The film is technically something of a love story, but it is wisely unburdened by any sort of sentimentality or moralism. Bringing Up Baby soars on the unmediated power of its ludicrous gags, helped ably by Hepburn’s stunning, perpetually scene-stealing performance. Hepburn manages to turn “someone who has never experienced a real problem and is the perpetual source of everyone else’s problems” into a character worth rooting for, offering such a winning interpretation of the oddly untouchable buffoon that it is impossible not to be carried along. It is a rare “pure” comedy that earns my highest recommendation – I frankly tend to prefer a dash of sentimentalism, if only to add a human touch to a genre that often feels fundamentally superficial. Bringing Up Baby is as proudly superficial as they come, and all the stronger for it. An absolute comic masterpiece.

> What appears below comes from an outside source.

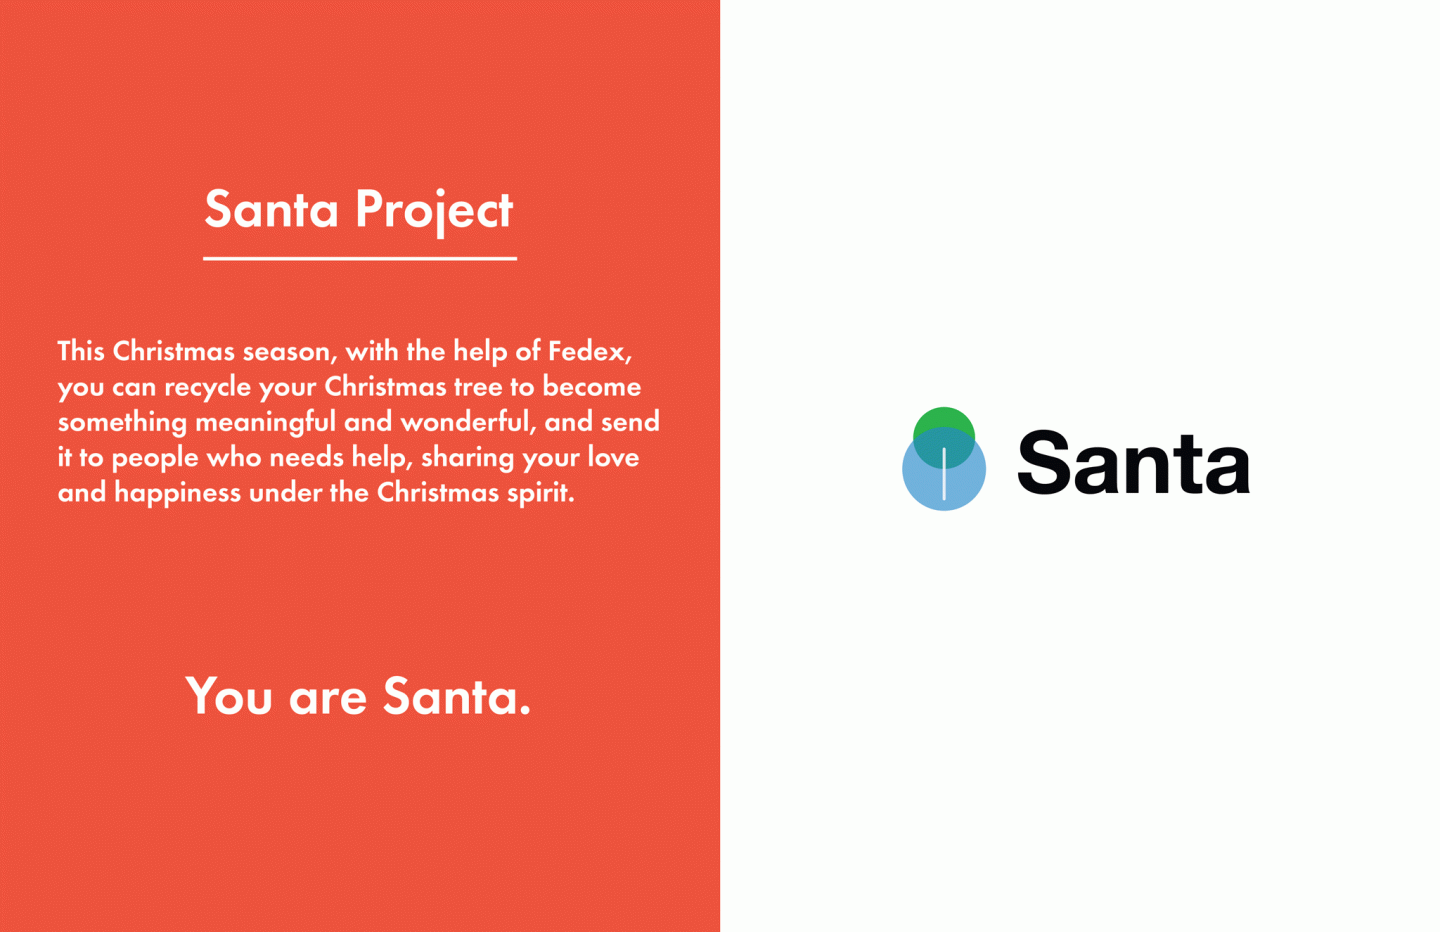 Santa Project for Fedex

Alongside all the film viewings, we also screened Netflix’s recent League of Legends spinoff Arcane. The series centers on two sisters named Vi and Powder growing up in Piltover, a city renowned for its fantastical scientific inventions. Of course, that’s all contained to the towers of topside; down in the slums, opportunity is scant, and most folks have to steal for what they need. When a topside thieving operation spearheaded by Vi literally blows up in her face, it serves as the first domino leading towards a brutal collision between the city’s two societies.

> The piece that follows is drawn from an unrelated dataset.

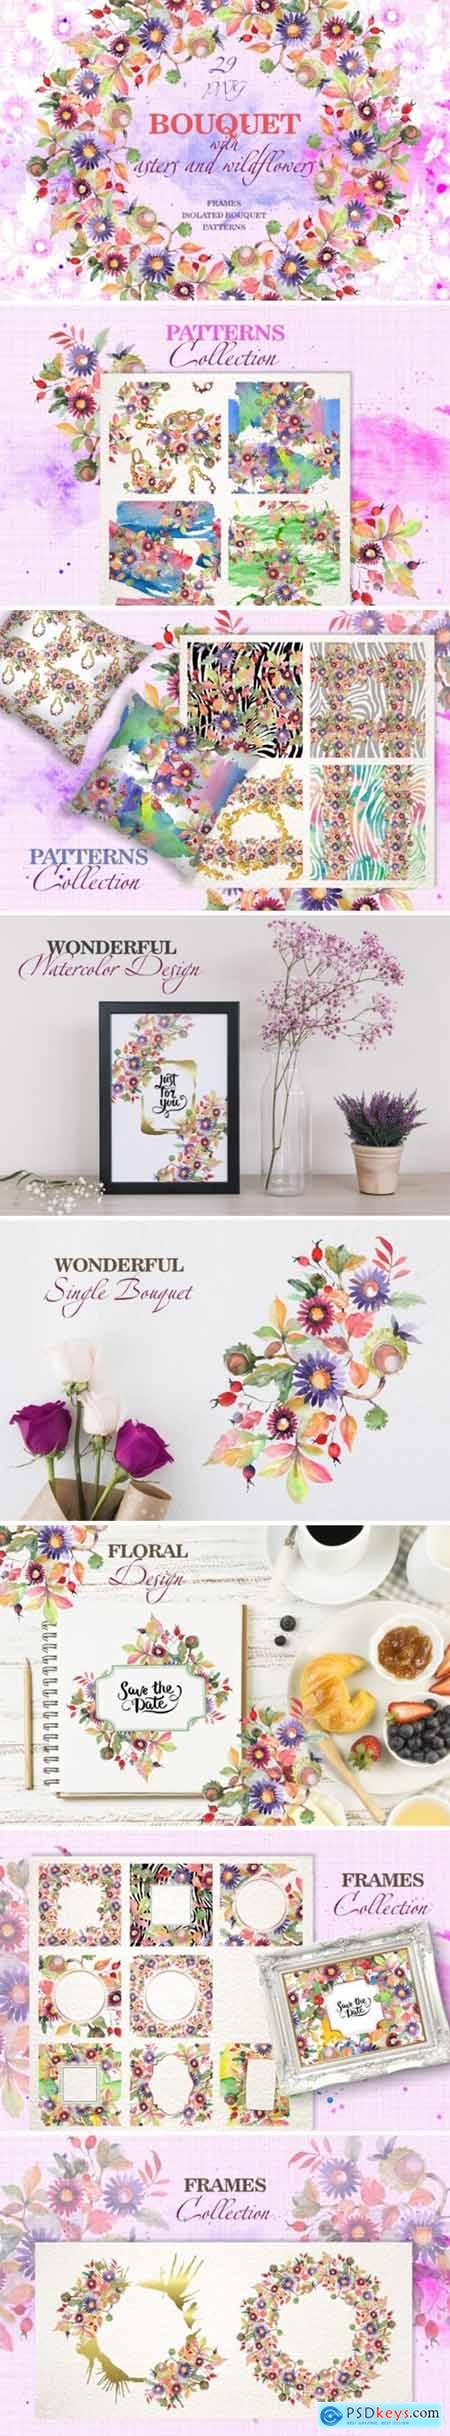 Flowers, Trees and Leaves » page 6 » Free Download Photoshop Vector ...

I was truly not expecting to enjoy Arcane as much as I did, given the exceedingly sparse storytelling of its source material. But League of Legends’ lack of an actual plot ultimately works to Arcane’s benefit. With no harshly defined story to recreate, Arcane is free to construct a gracefully nested drama populated with well-chosen champions, touching lightly on the complexities of civil rule and generational resentment while offering a propulsive assortment of winding personal journeys.

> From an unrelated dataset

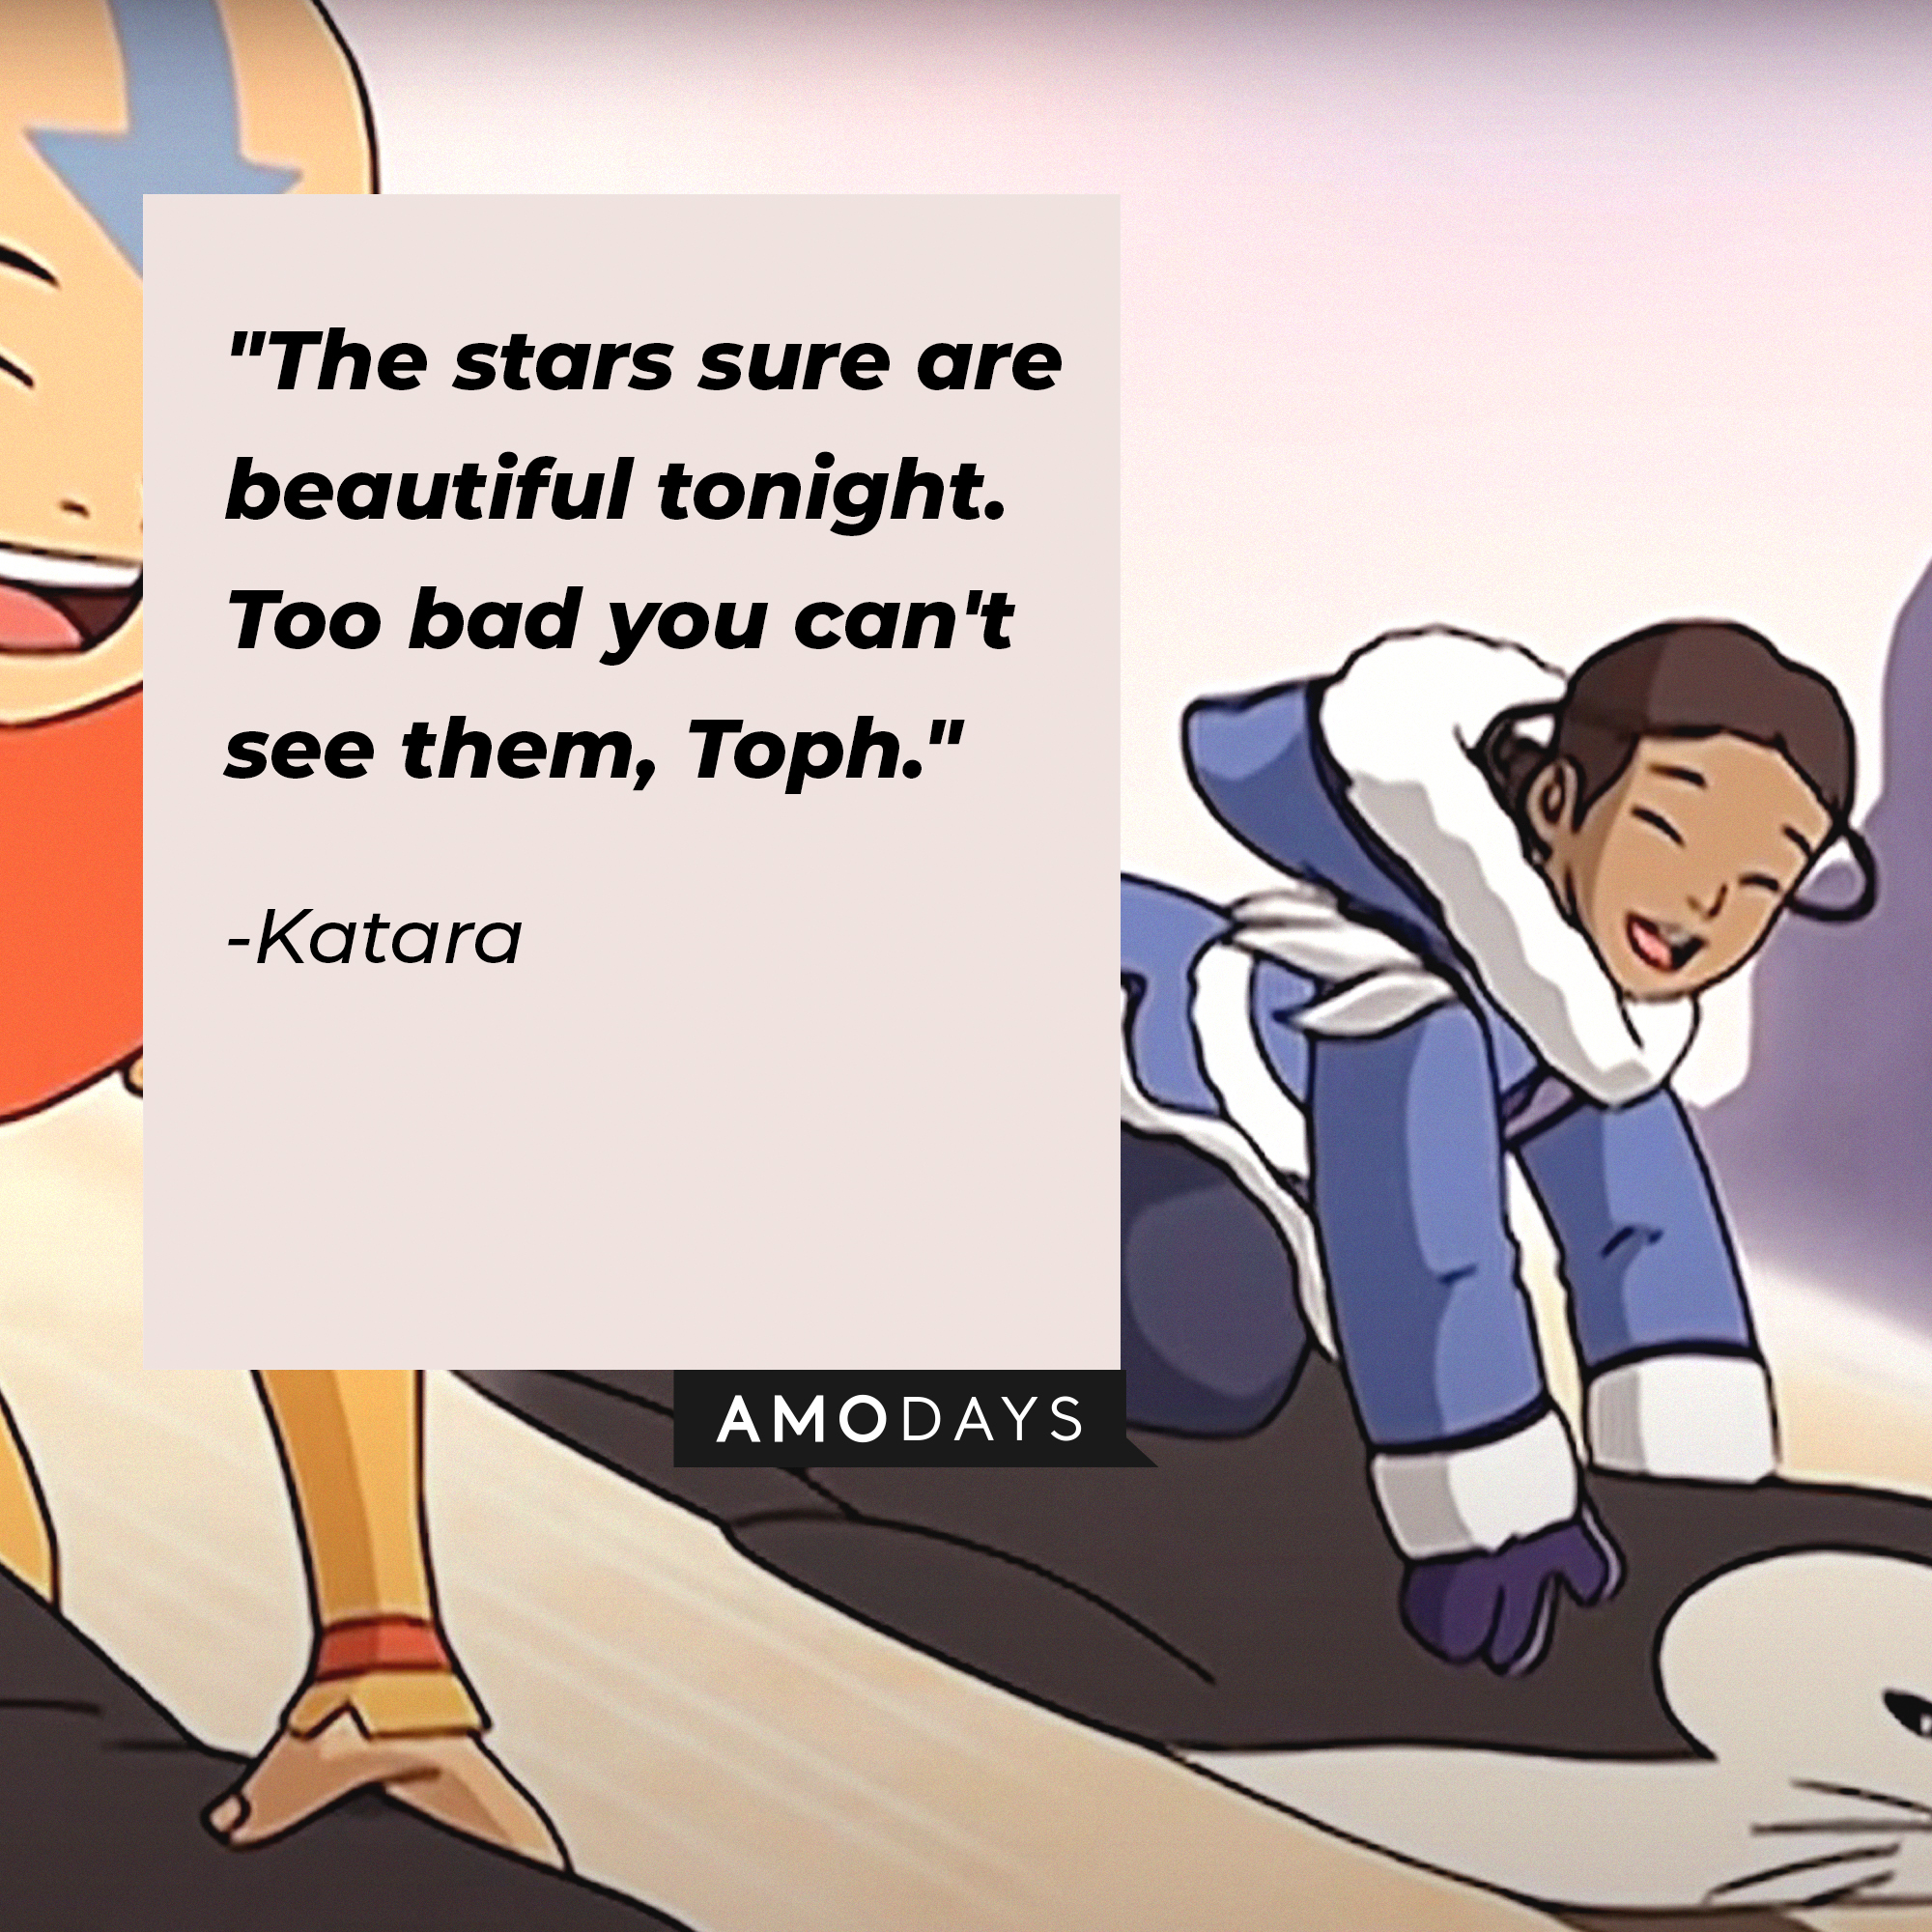 Katara's quote: "The stars sure are beautiful tonight. Too bad you can't see them, Toph." | Source: Youtube.com/TeamAvatar

Arcane is simply confident in all respects; its characters are thoroughly realized, its plot is so tidy as to feel effortless, and its aesthetic serves as a winning riff on our post-Spiderverse CG paradigm. Above all, it is concerned with creating holistic moments of true spectacle in a model somewhat akin to musical theater, combining key dramatic points with insert songs and visual embellishments such as to imitate a parade of story-driven music videos. Such moments are perfectly tailored to a viewer like me, who was raised on the dramatic needle drops of FLCL and Evangelion, and I frequently found myself humming along with tracks I’d in the abstract disregard as too simplistic to grab my interest. Though it feels like damning with faint praise, I suppose that describes Arcane as a whole: somewhat obvious and clearly aimed at a younger generational cohort, but so skillfully executed in every aspect of its construction that it nonetheless demands and rewards my full attention.